See Configuring Health Monitor for detailed plugins' configuration.

Resurrector Plugin

Resurrector plugin continuously cross-references VMs expected to be running against the VMs that are sending heartbeats. When resurrector does not receive heartbeats for a VM for a certain period of time, it will kick off a task on the Director to try to "resurrect" that VM.

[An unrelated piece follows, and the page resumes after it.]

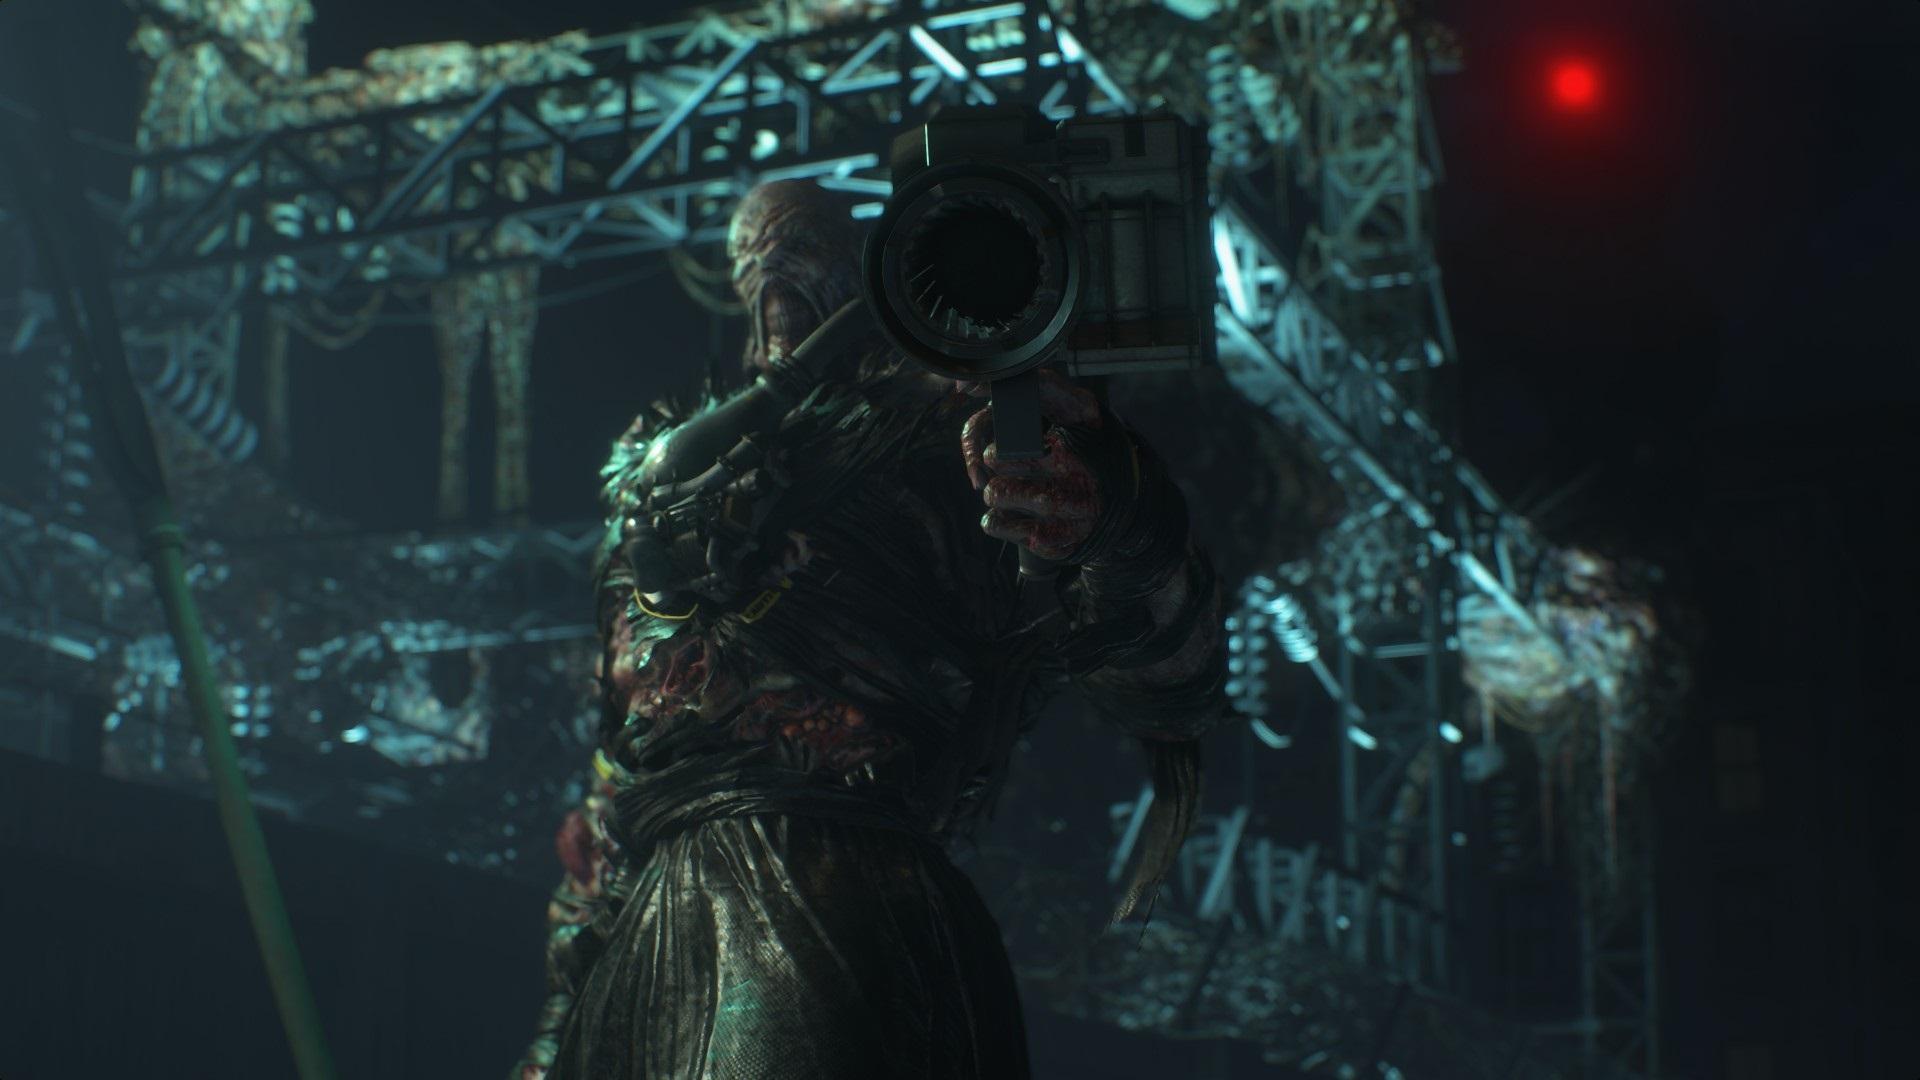 imagen del análisis de Resident Evil 3 Remake videojuego

See Automatic repair with Resurrector for details.


Processes on VMs

Release jobs' process monitoring on each VM is done with the help of Monit, version 5.2.5. Monit continuously monitors presence of the configured release jobs' processes and restarts processes that are not found. Process restarts, failures, etc. are reported to the Agent which in turn reports them as alerts to the Health Monitor. Each Health Monitor plugin is given an opportunity to act on each alert.


SSH Events

The Agent on each VM sends an alert when someone/something tries to log into the system via SSH. Successful and failed attempts are recorded.


Deploy Events

The Director sends an alert when a deployment starts, successfully completes or errors.


NATS

NATS monitoring requires BOSH version 268.4+ and can be enabled by setting the director property enable_metrics_endpoint to true as described here. The monitoring endpoint is exposed locally on the director VM. More information about it can be found in the NATS documentation.


NGINX

Nginx monitoring requires BOSH version 268.3+ and can be enabled by setting enable_metrics_endpoint to true.

  • Enable it for the director here. Metrics will be available locally on the director VM at the configured director nginx port.
  • Enable it for a director with a local blobstore here. Metrics will be available locally on the director VM at the configured blobstore nginx port.

More information about the endpoint can be found in the NGINX documentation.